10 лет, 8 лет, 5 лет! Что это значит? Почему десять? Почему восемь? А у кого пять? Все было так ошеломляюще неожиданно, что никто не испугался. Наоборот, эти сроки казались настолько НЕРЕАЛЬНЫМИ, что вызывали только СМЕХ! Тебе сколько? Вам сколько? – слышалось со всех сторон по выходе из кабинета... Только 5! Ну, это же слишком МАЛО! 10 лет – это еще звучит внушительно! Неужели ДЕСЯТЬ ЛЕТ?! Как смешно!

Да, я могла смеяться. Меня не обидели. Постановлением Особого Совещания я была осуждена «за переход на сторону врага» к отбытию наказания в исправительно-трудовых лагерях сроком на 10 лет!

«Инкубационный» период кончился. Из камер «следственных» мы переходили теперь в камеры «осужденных». После СМЕХА при выходе из кабинета Начальника Тюрьмы начались СЛЕЗЫ. Неожиданный ПРИГОВОР для каждой из нас убил ту искорку надежды, которая теплилась в каждом сердце. Пускай мы продолжали верить, что эти СРОКИ – нереальные, что все изменится к лучшему, как только кончится война, но все же перед каждой из нас стал какой-то СРОК и прозвучало слово – ИСПРАВИТЕЛЬНО-ТРУДОВОЙ ЛАГЕРЬ!

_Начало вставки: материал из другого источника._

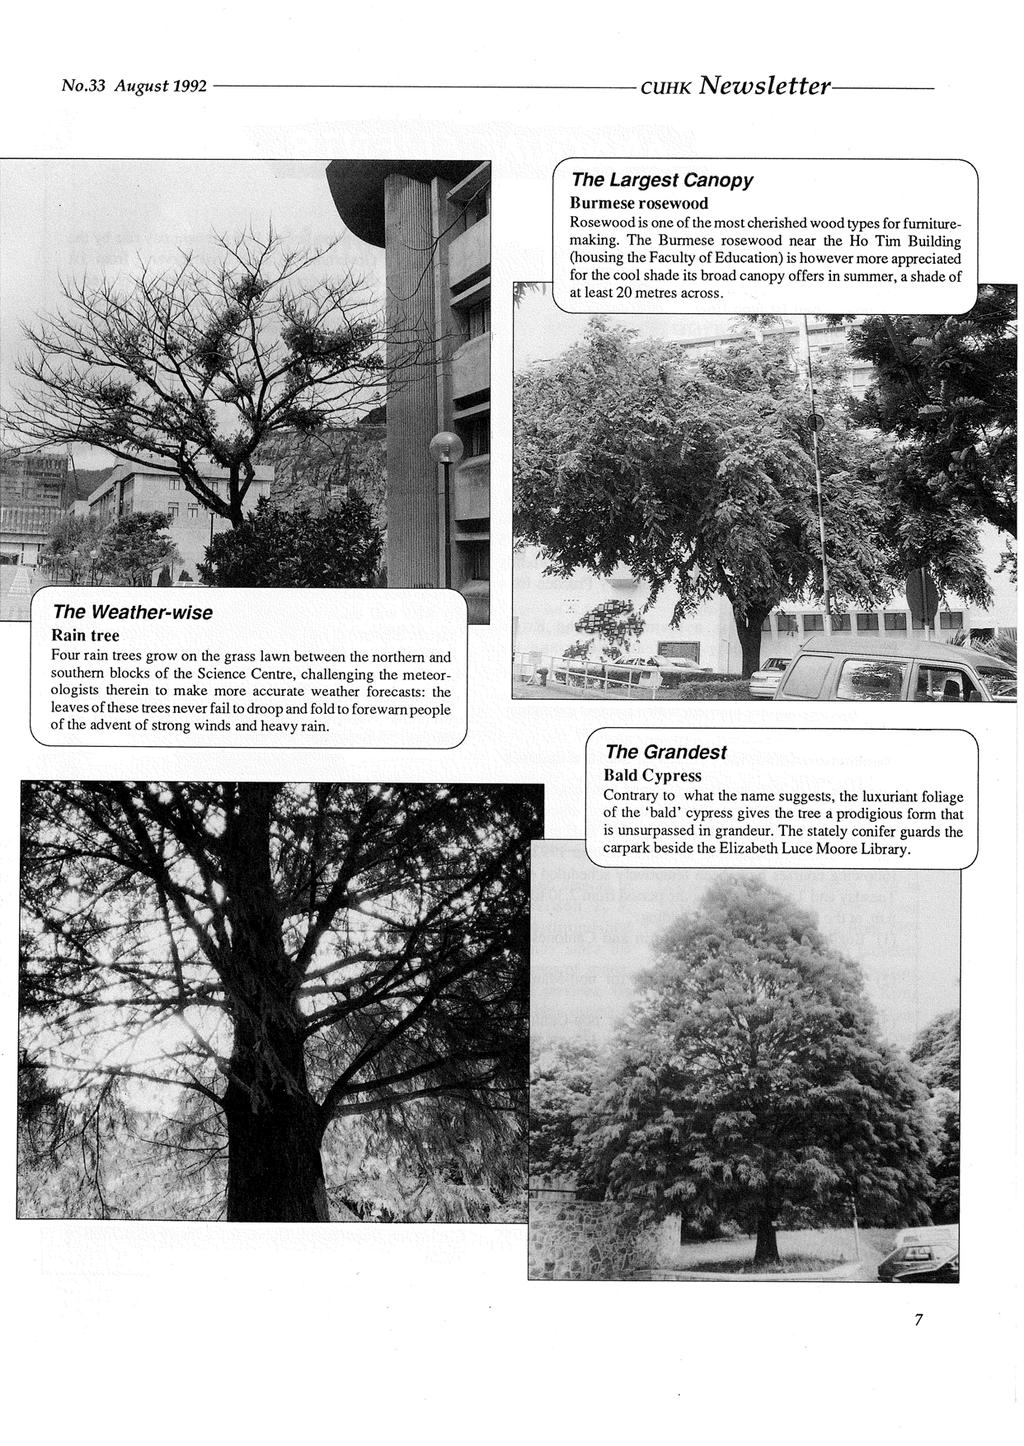 No33 August 1992 CUHK Newsletter The Largest Canopy Burmese rosewood Rosewood is one of the most cherished wood types for furnituremaking.

Что же будет дальше? Где он, этот лагерь? Тут же, под Москвой? Или где-то далеко? И что там будет, в этом лагере? Никто из окружавших меня в те дни женщин не был ранее судим и никто не бывал в исправительно-трудовых лагерях. Работа в таких лагерях представлялась нам чем-то вроде трудфронта... Казалось, что мы должны рыть окопы, помогать в борьбе с врагом. А может быть, придется уехать куда-то далеко. Но куда? На Север? На Восток? В Сибирь? Никто из нас этого не знал. Но настроение у всех было смутным и тревожным.

- 43 -

Теперь, когда в камеру приводили новенькую, уже не интересовались, как прежде, сразу всеми подробностями постигшего несчастья, – интересовал только «ярлык», приклеенный к человеку: СТАТЬЯ, СРОК. Вот что – на долгие годы – стало более важным и значительным, чем имя и фамилия.

Хотя нас и перевели в камеру «осужденных», но пока для нас ничего не изменилось. Камеры были почти такие же, люди тоже не отличающиеся от прежних. Распорядок дня остался тем же. Так же в 6 утра бывал подъем. Так же раздавали пайки хлеба и устанавливалась особая очередь на горбушки!

Положение с горбушками в Бутырках было чрезвычайно благоприятное. При тюрьме была своя пекарня, где выпекали хлеб в небольших круглых формах. Когда такой хлеб разрезали, то из него получалось всего три «пайки» – одна серединка и две горбушки! Так что «горбушек « было больше, чем где-либо! Но даже это уже мало радовало.

Обеды летом стали немного лучше, чем были зимой, – хоть овощи были теперь не мороженные. Иногда попадались кусочки солонины. После перехода в камеру «осужденных» были разрешены ПЕРЕДАЧИ! Пока мы были следственными, всякая связь с внешним миром, с оставшимися семьями была строжайше запрещена. Теперь же начались передачи! Это было большим событием, всколыхнувшим всю жизнь заключенных.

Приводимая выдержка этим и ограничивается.